#### TASK DETAILS:
Take the line containing "palm trees and" through the last line of the data and retype those lines exactly. Pictures do not belong in the copy.

#### DATA SHOWN:
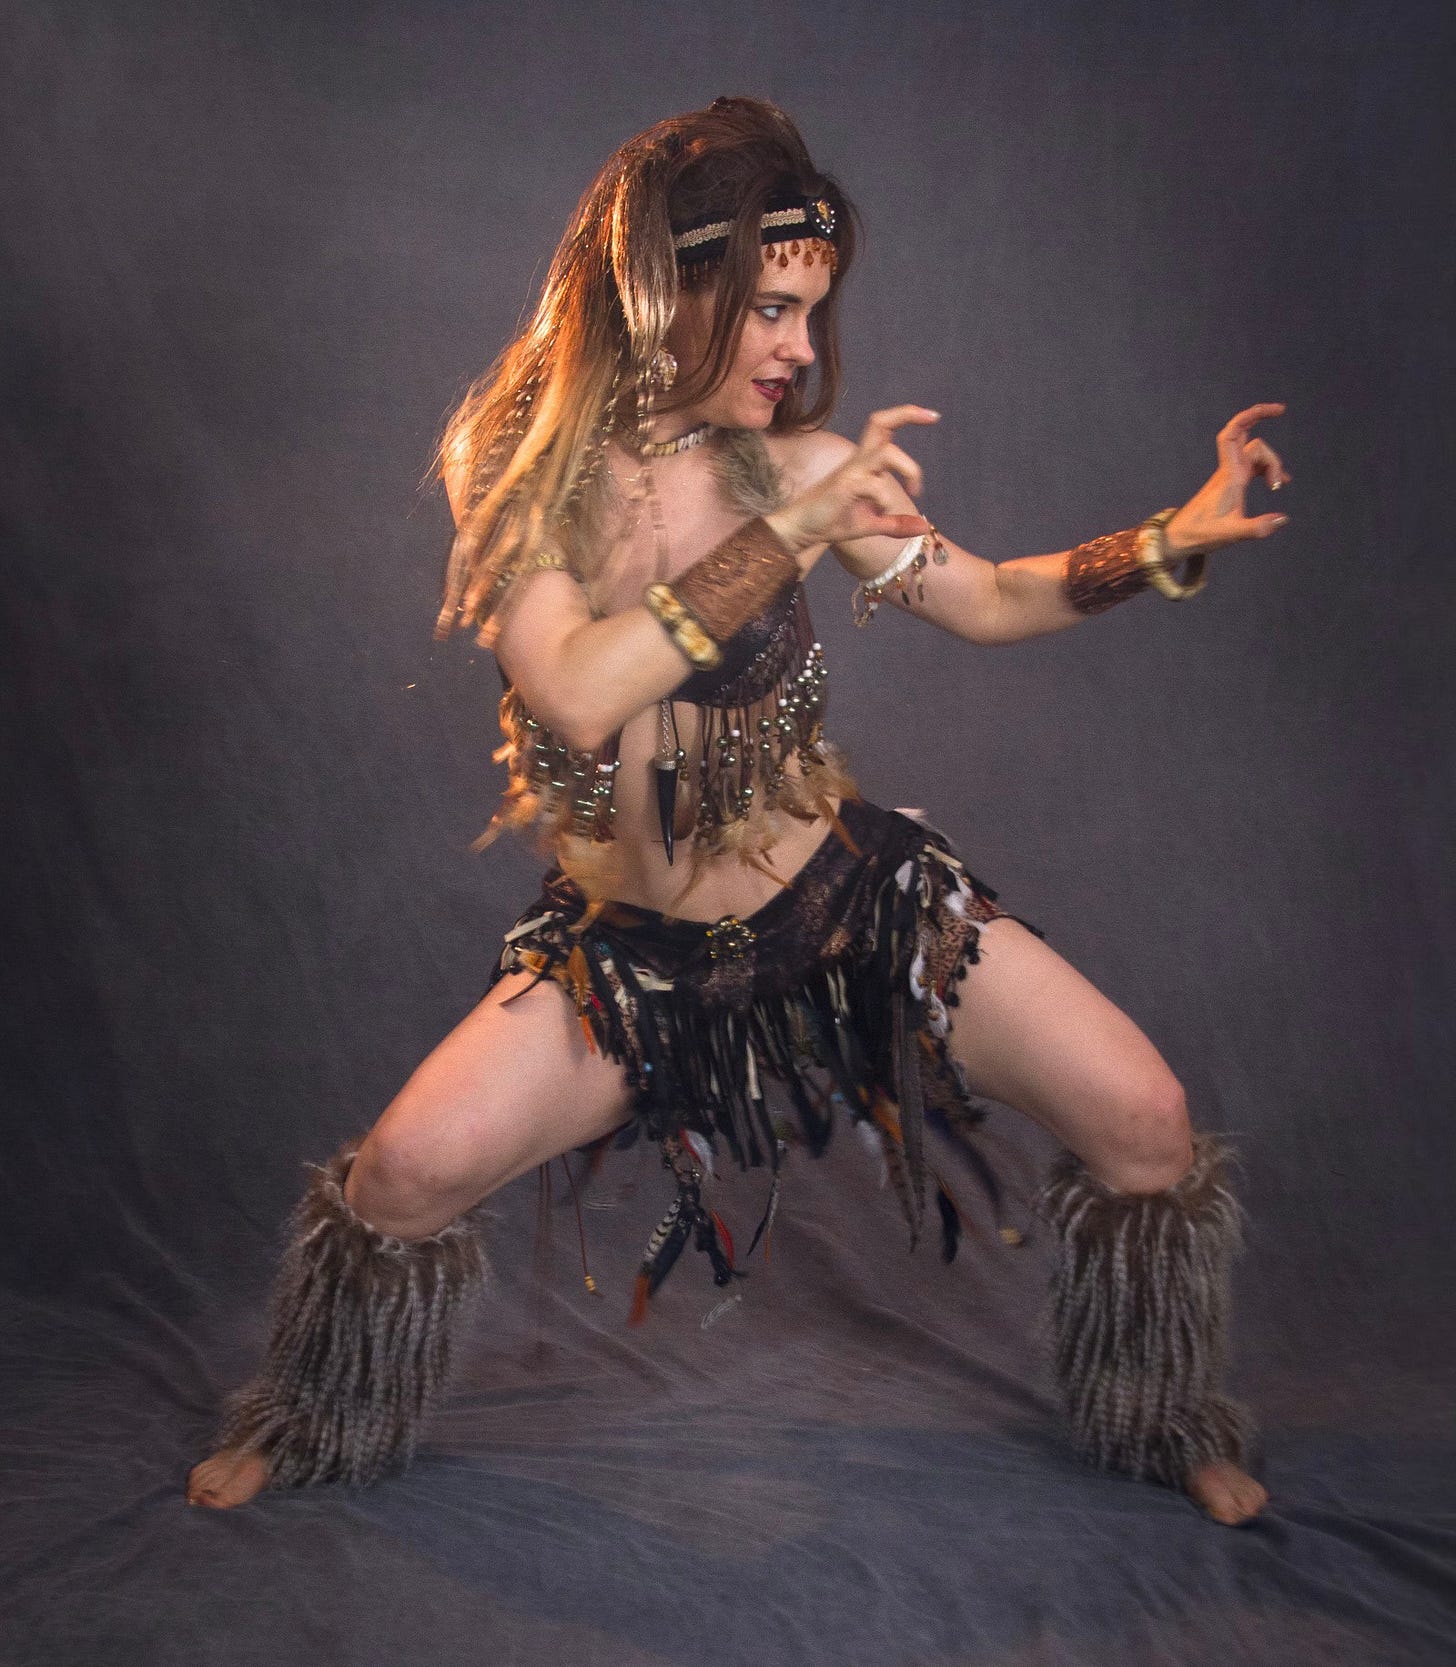 The author in a wild woman costume of fur, feathers, and fringe, in a deep stance with clawed hands at the ready and a gaze speared upon her target.
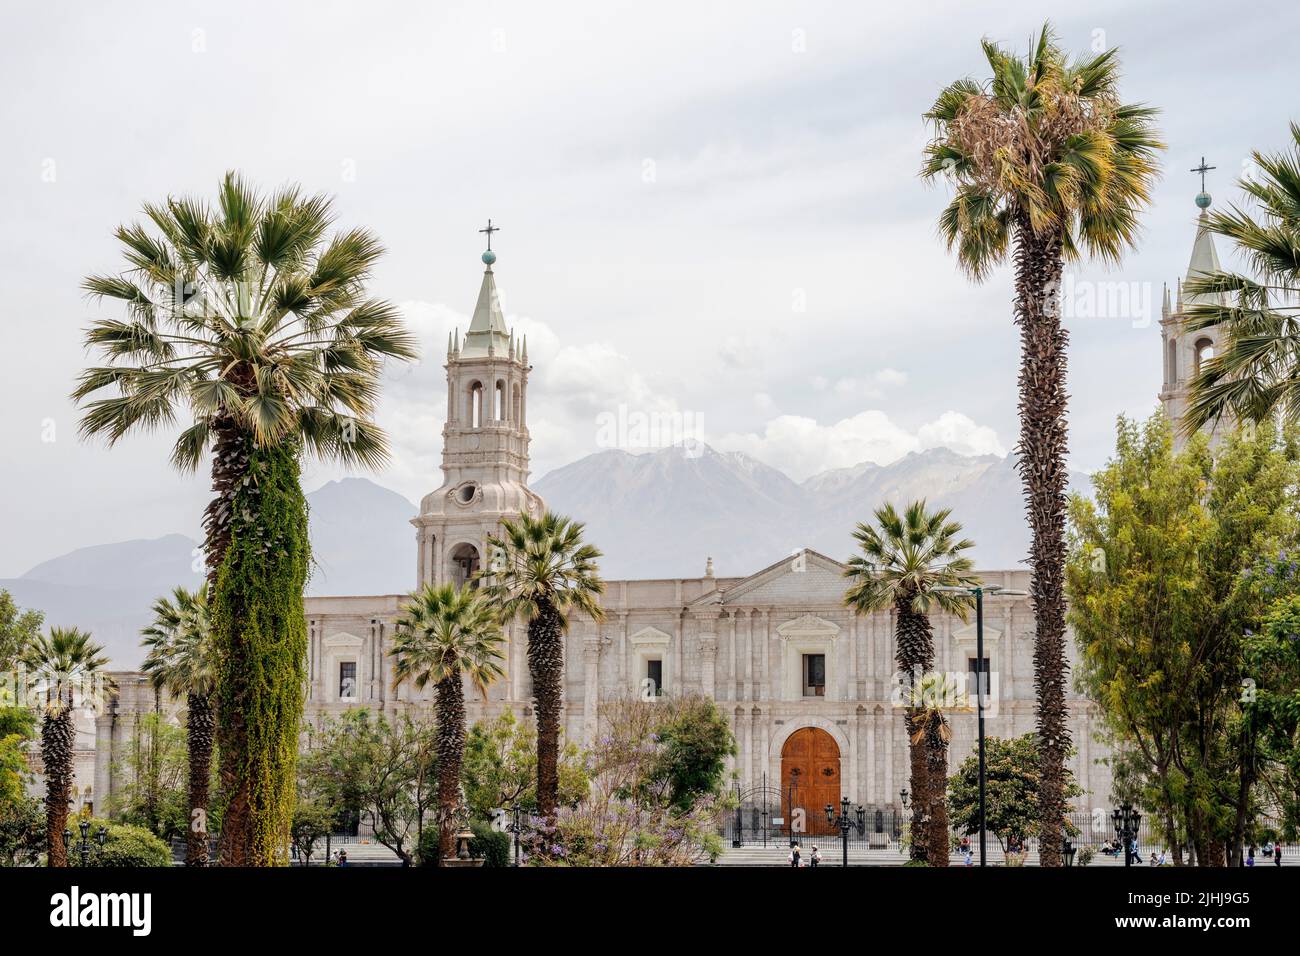 palm trees and white stone church at famous Plaza de Armas in Arequipa city, Peru Stock Photo
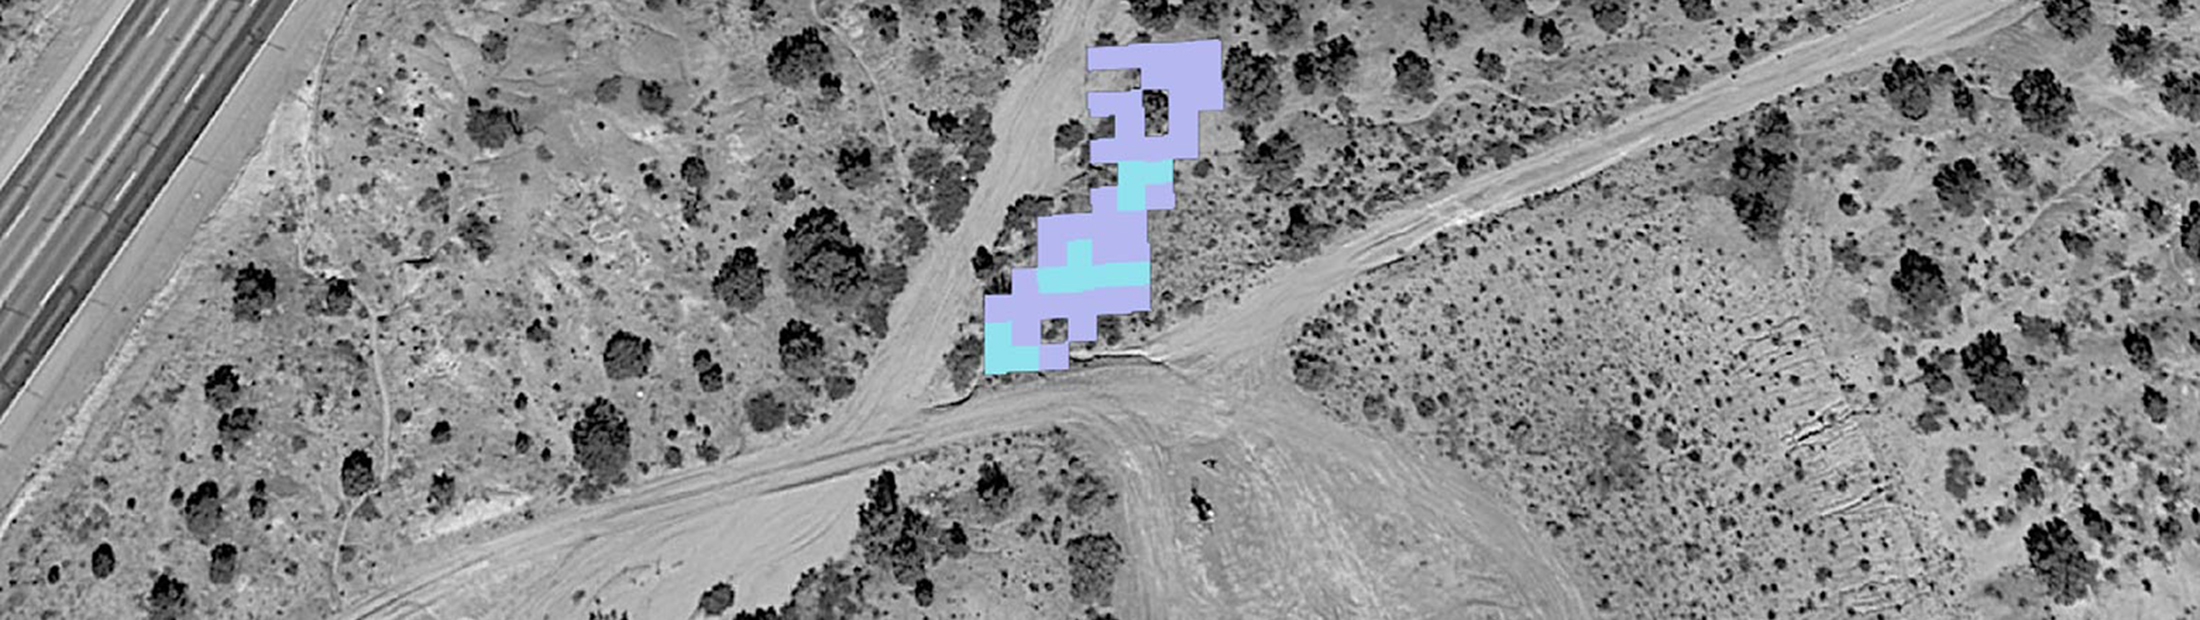 An aerial view of the ground in grayscale and a pixelated purple and blue area in the center.

#### SOLUTION:
 palm trees and white stone church at famous Plaza de Armas in Arequipa city, Peru Stock Photo
 An aerial view of the ground in grayscale and a pixelated purple and blue area in the center.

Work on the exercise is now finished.